Macros NPK can pretty much be kept indefinitely regarding shelf life AFAIK. Traces are sensitive to light and the water you mix it with, My tapwater is quite high in po4 so I use rain water for mixing traces. Doesn't really matter how you mix them but you do need to take into account solubility, only so much salt will dissolve in water. Depends how you like to dose I guess.

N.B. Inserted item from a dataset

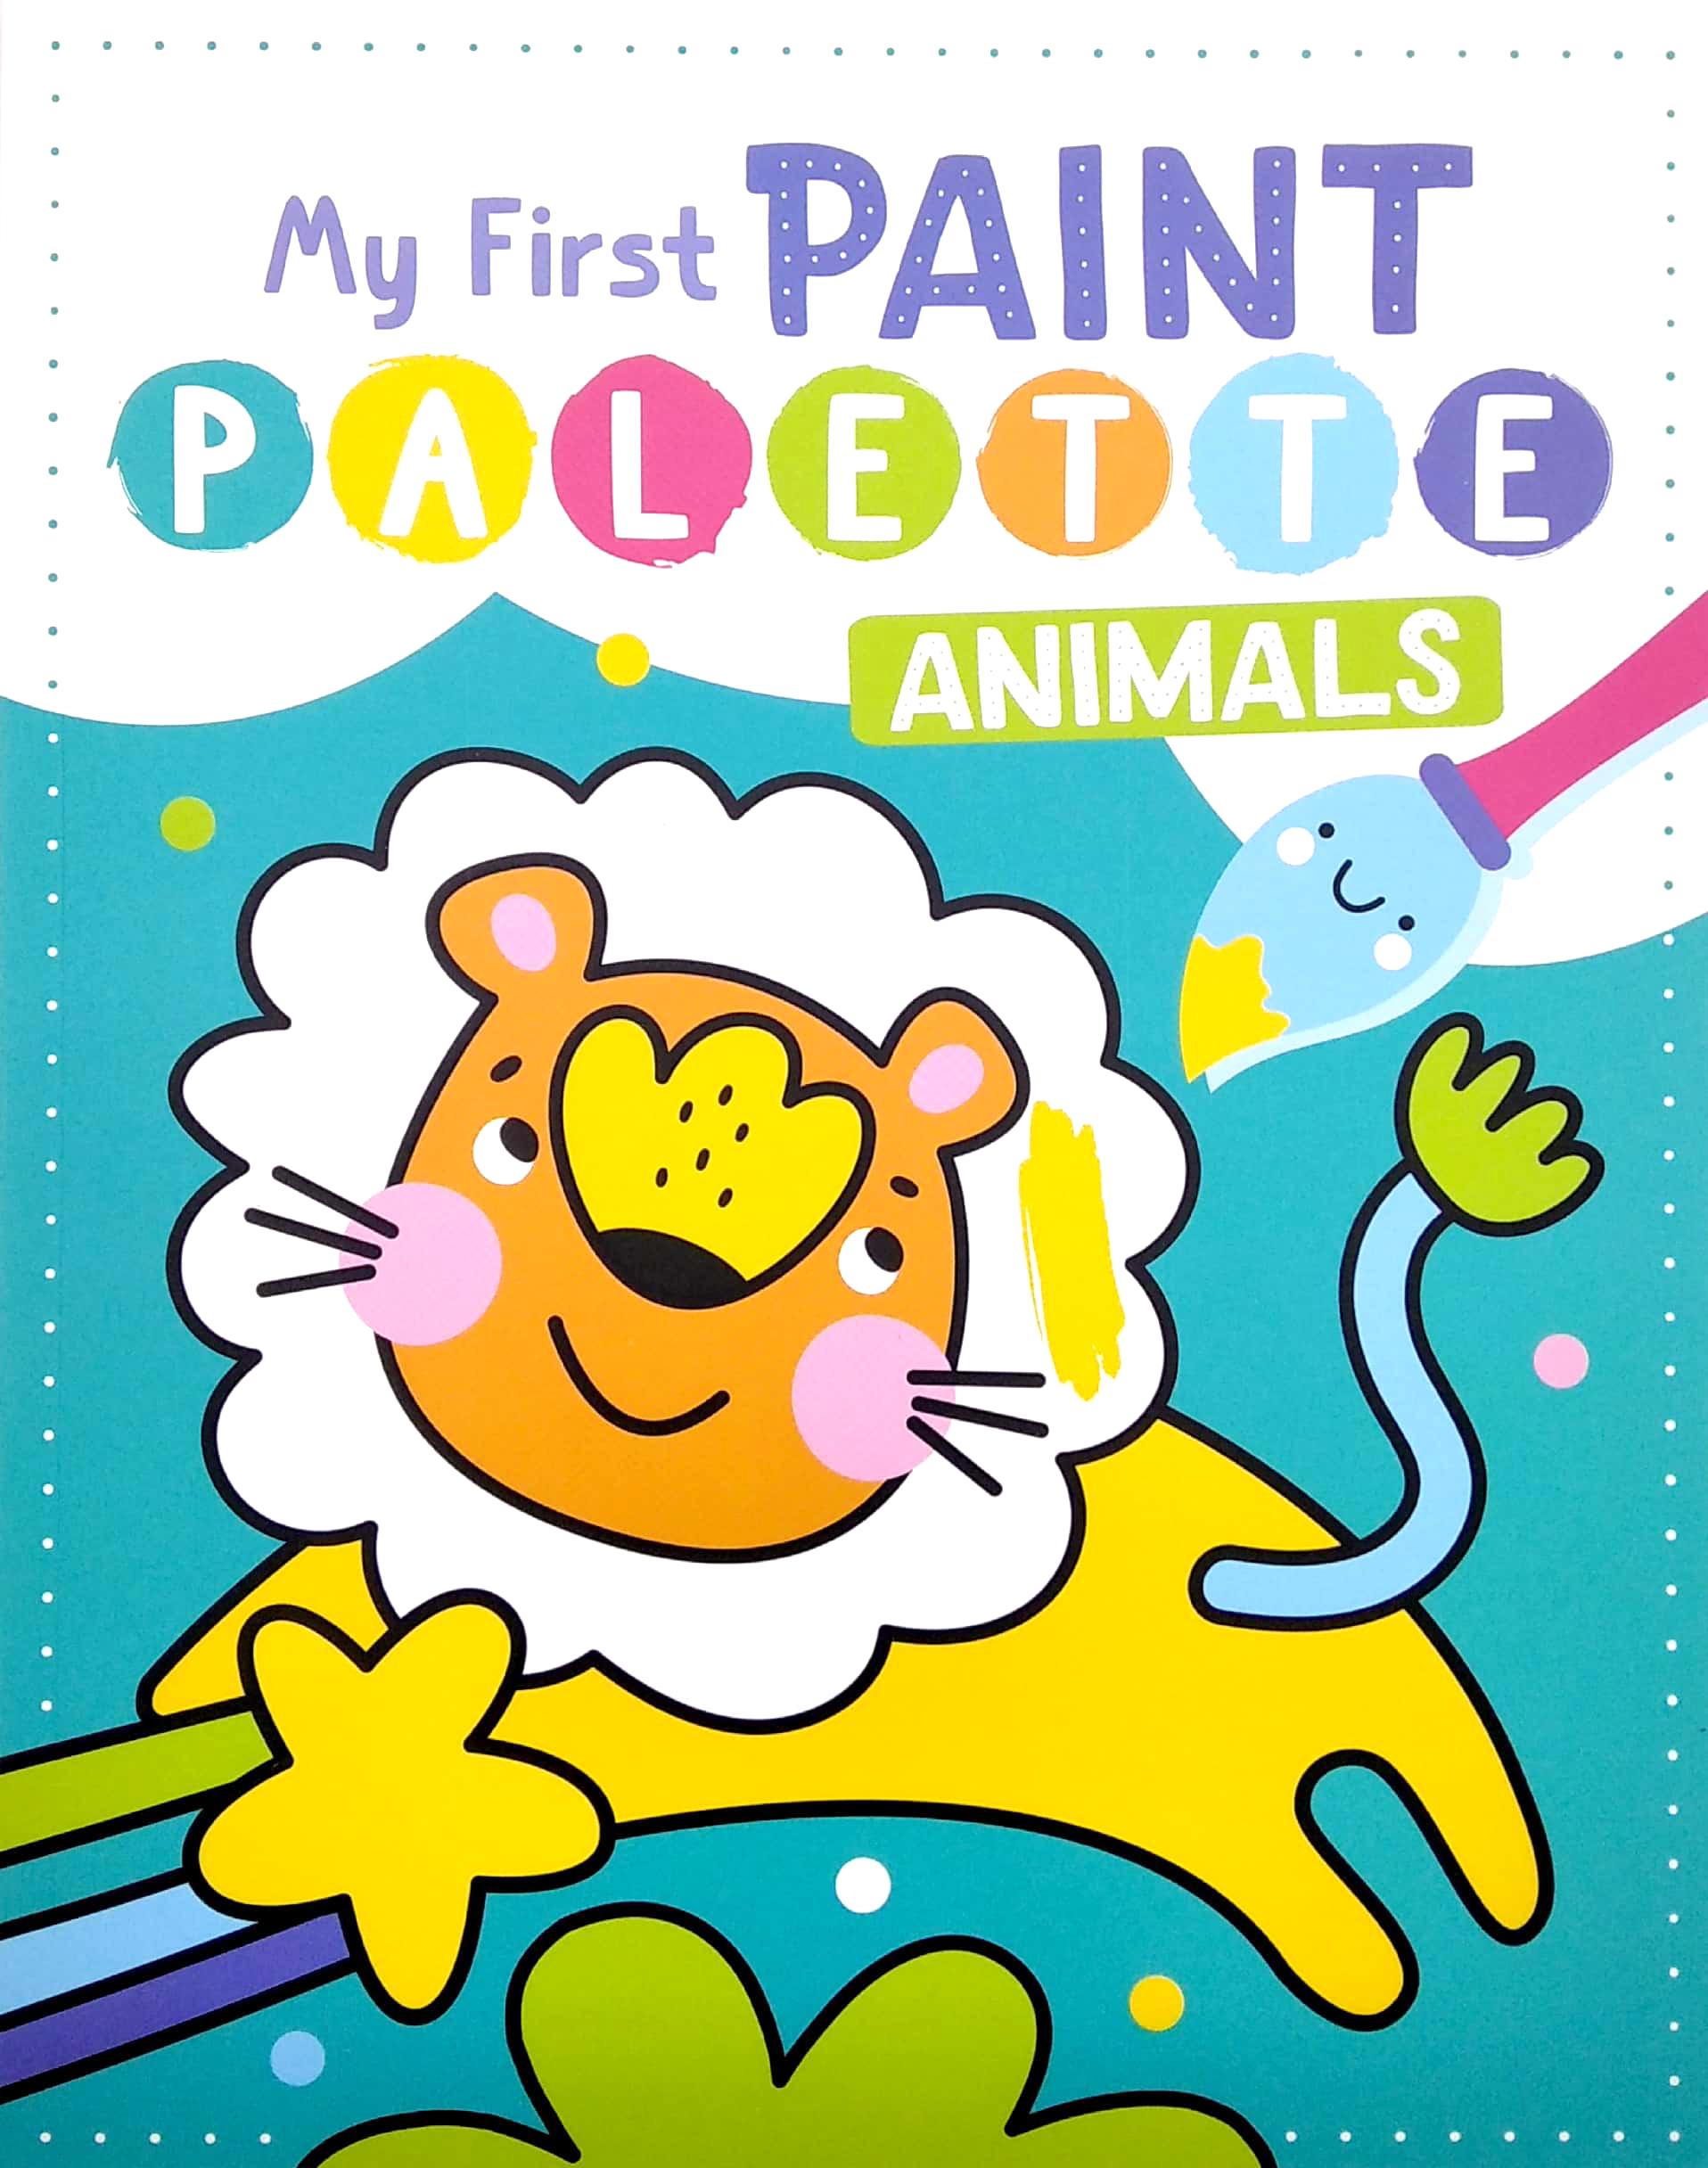 My First Paint Palette: Animals

Taking Nitrate as an example if you were looking to dose EI or around 7ppm 3 x per week in a 100 ltr tank...
40 Grams Kno3 in a 500ml bottle each 15ml dose would be 7.36ppm nitrate per dose
20Grams Kno3 in a 250ml bottle each 15ml dose would still be 7.36ppm nitrate per dose
If you want to dose 30ml instead of 15ml you just halve the salt and keep the water volume the same but you would need to make up bottles more often. Obviously the more concentrated you make your mix the less you will be dosing so if you want to make a bottle last as long as possible you want to be dosing maybe 7.5ml at a time you would double the salt and keep the water volume the same so 80grams in 500ml then dose 7.5ml to still get 7.36ppm 

The only limitations you have is how much salt you can get to dissolve in your water. Taken from James Planted Tank it would be as follows but remember you are mixing some of these salts together in one bottle other than the traces.



> *Solubility's In Water* There are limits on how much of a salt can be dissolved in water. As this limit is reached it becomes increasingly difficult to dissolve more. If you are experiencing difficulties in dissolving any of the salts then try doubling the amount of water it is dissolved in. Below are the maximum solubility's of the various chemicals used in the calculator.
> 
> Potassium Nitrate 36g per 100ml
> Potassium Phosphate 22g per 100ml
> ...


----------